Он поколебался немного, хотел еще что-то сказать, но безнадежно махнул рукой и сел.
— Вот как! — произнес Рогов. — Так что тебе дороже, застава или девчонка?
И тут со своего места поднялся Мончик.
— Смешно и грустно слышать такие вопросы, — напевно и тихо, будто самому себе, сказал он. — Смешно и грустно. Кто же ответит на такой вопрос? Я бы не взялся на него отвечать. Это смешно. А еще больше — грустно…
— Ты что предлагаешь, — перебил его Савельев, — пьянки оправдывать?

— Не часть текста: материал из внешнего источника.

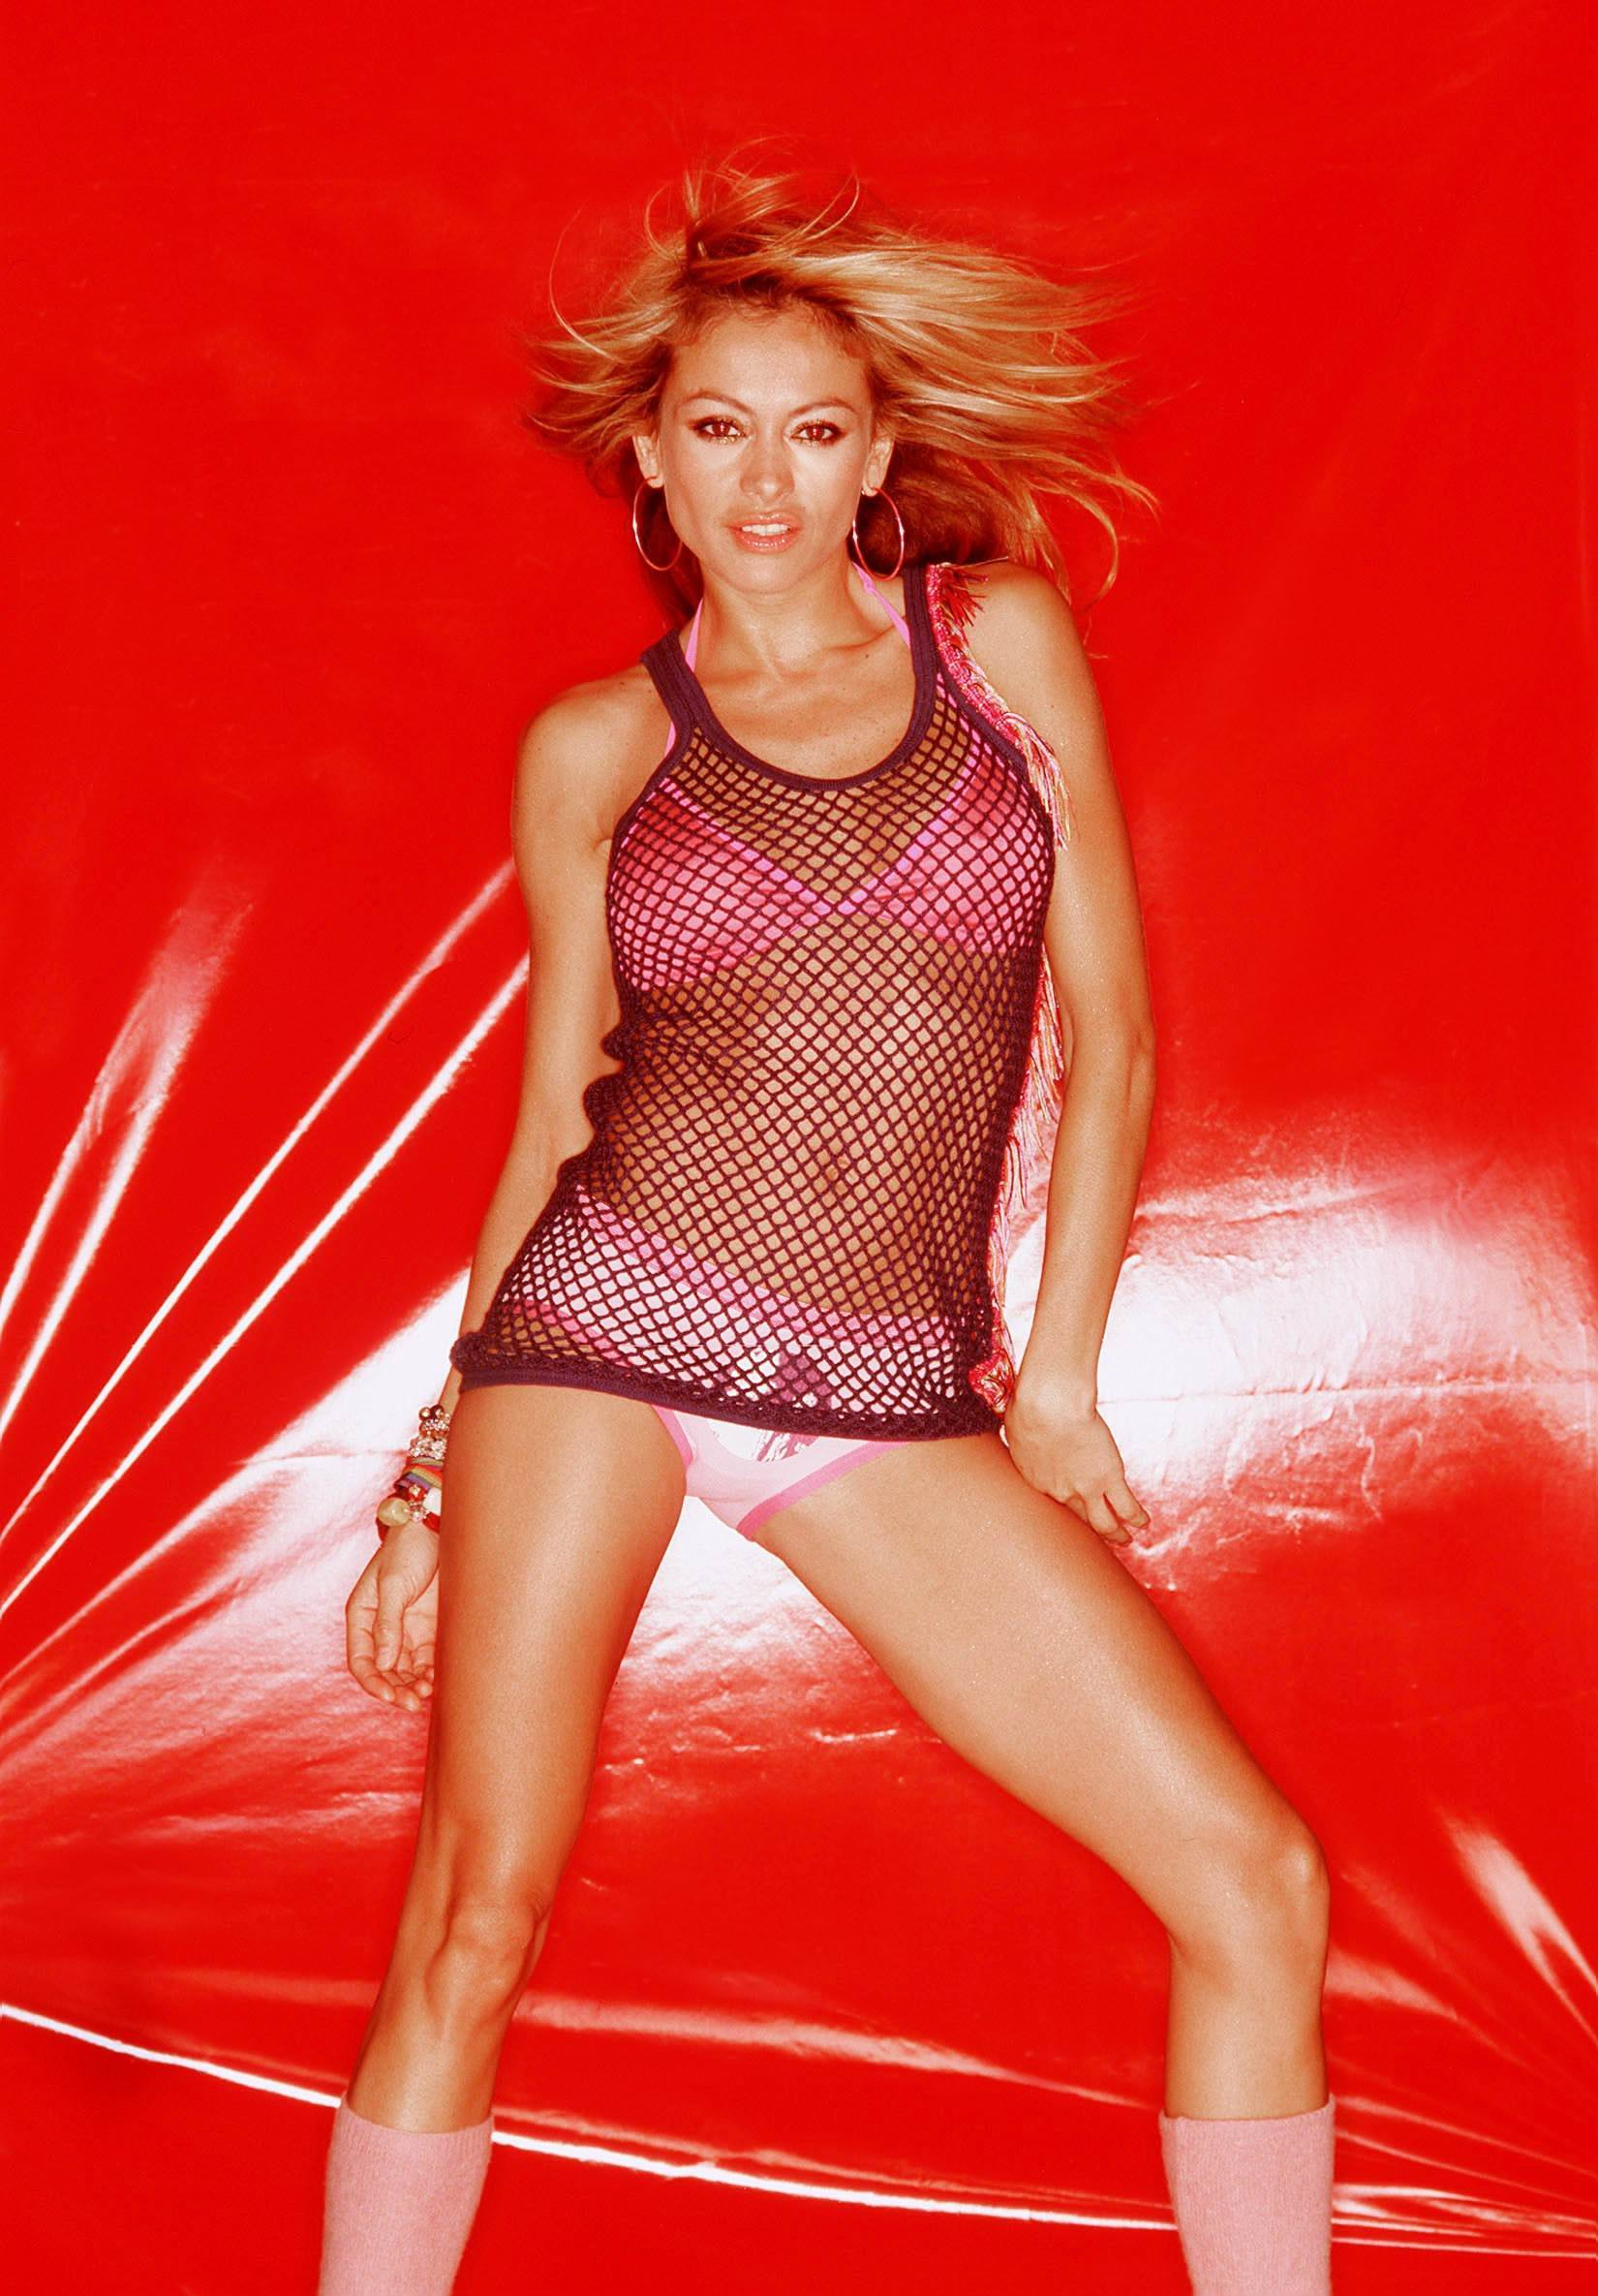 Paulina rubio hot naked and nude #2

— Разве я что-нибудь хотел предложить? — спокойно ответил Мончик.
— Стихи пишешь, а нытиков оправдываешь, — возмутился Рогов.
— Правильно, — радостно поддержал его Хушоян. — Хочешь плакать — юбку надевай, пожалуйста. Любовь и правда — это две сестры. А где твоя правда? Где еще сестра?
— Может, все-таки зачитать заявление Белецкой? — обратился Евдокимов к собранию. — Так вот, — улыбнулся он, — эта девушка пишет, что сама виновата во всем и обязуется помочь нашей организации перевоспитать товарища Уварова и сделать из него настоящего пограничника.
Дружный хохот заглушил последние слова Евдокимова. Костя тоже вяло улыбнулся, но тут же, погасив улыбку, грустно сказал:
— Виноват — накажите! А пограничника из меня не получится.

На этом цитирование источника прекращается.